Anthropic found that it Claude will pretend that it used the "standard" way to do addition- add the digits, carry the 1, etc- but the pattern of activations showed it using a completely different algorithm. So these things can role play as introspecting- they come up with plausible post-hoc explanations for their output- but they are still just pretending, so they will get it wrong.
So you can teach a model to sometimes ask for clarification, but will it actually have insight into when it really needs it, or will it just interject for clarification more or less at random?

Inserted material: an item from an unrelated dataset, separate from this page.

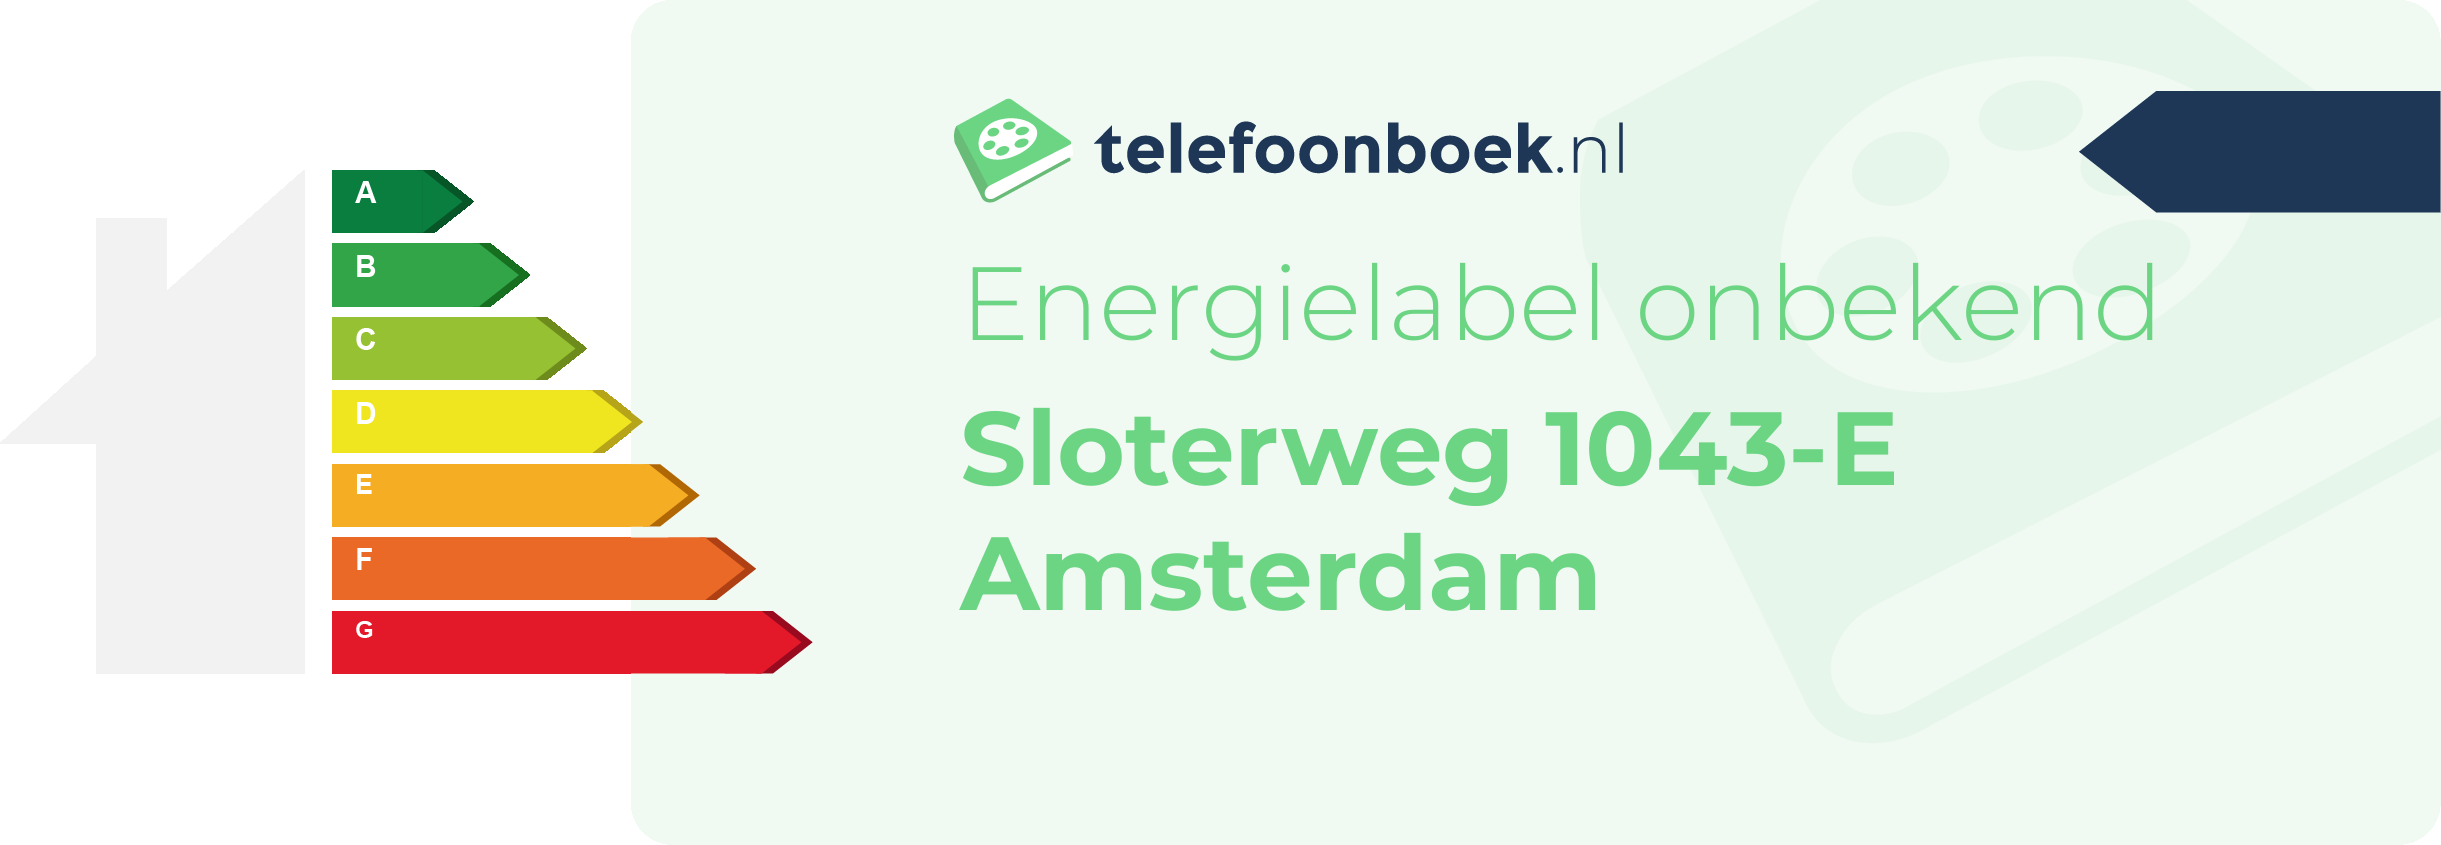 Energielabel Sloterweg 1043-E Amsterdam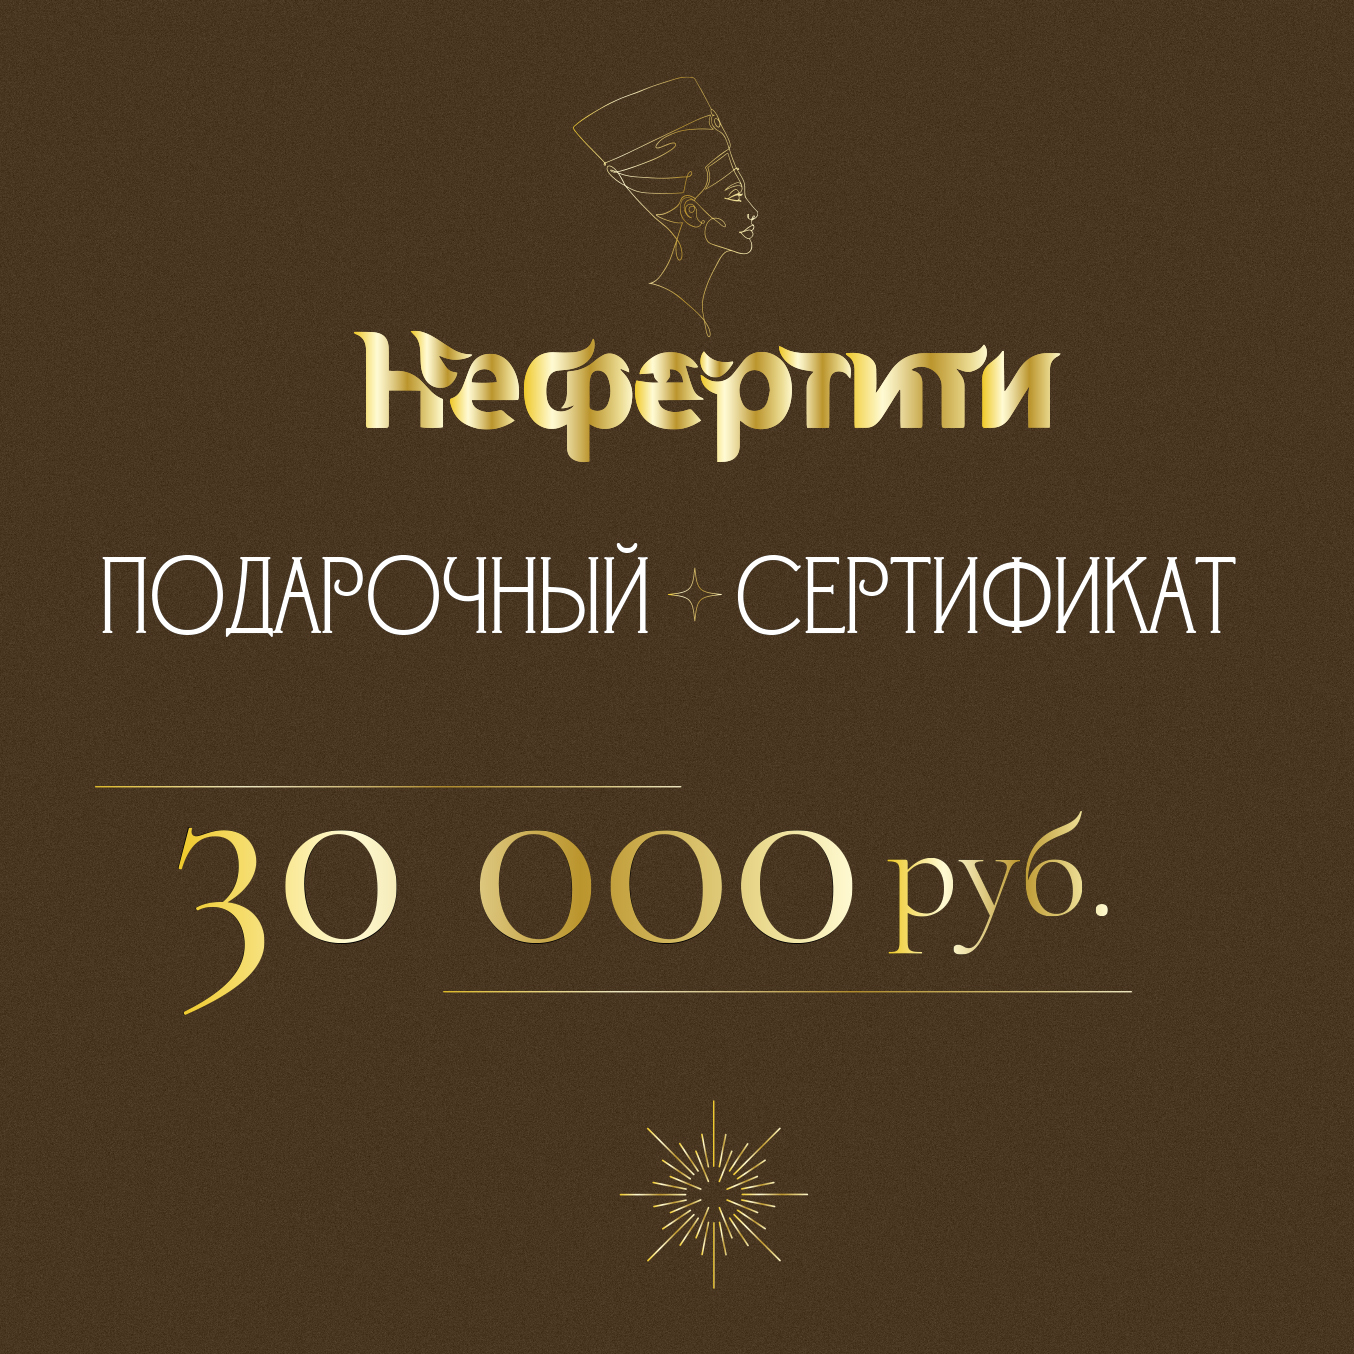 Сертификат Нефертити 30000р

These models have really awful insight into their own capabilities, ChatGPT eg insists to me that it can read braille, and then cheerfully generates a pure hallucination.
> Anthropic found that it Claude will pretend that it used the "standard" way to do addition- add the digits, carry the 1, etc- but the pattern of activations showed it using a completely different algorithm.
That doesn't mean much; humans sometimes do the same thing. I recall a fun story about a mathematician with synesthesia multiplying numbers by mixing the colours together. With a bit of training such a person could also pretend to be executing a normal algorithm for the purposes of passing tests.
Even then the human doesn't know how they execute the algorithm, or mix the colours together - our conscious self-reflective mind has limits as to how far into our neural network weights it can reach. Can get further with lots of meditation, but it is still definitionally limited (in information theory terms).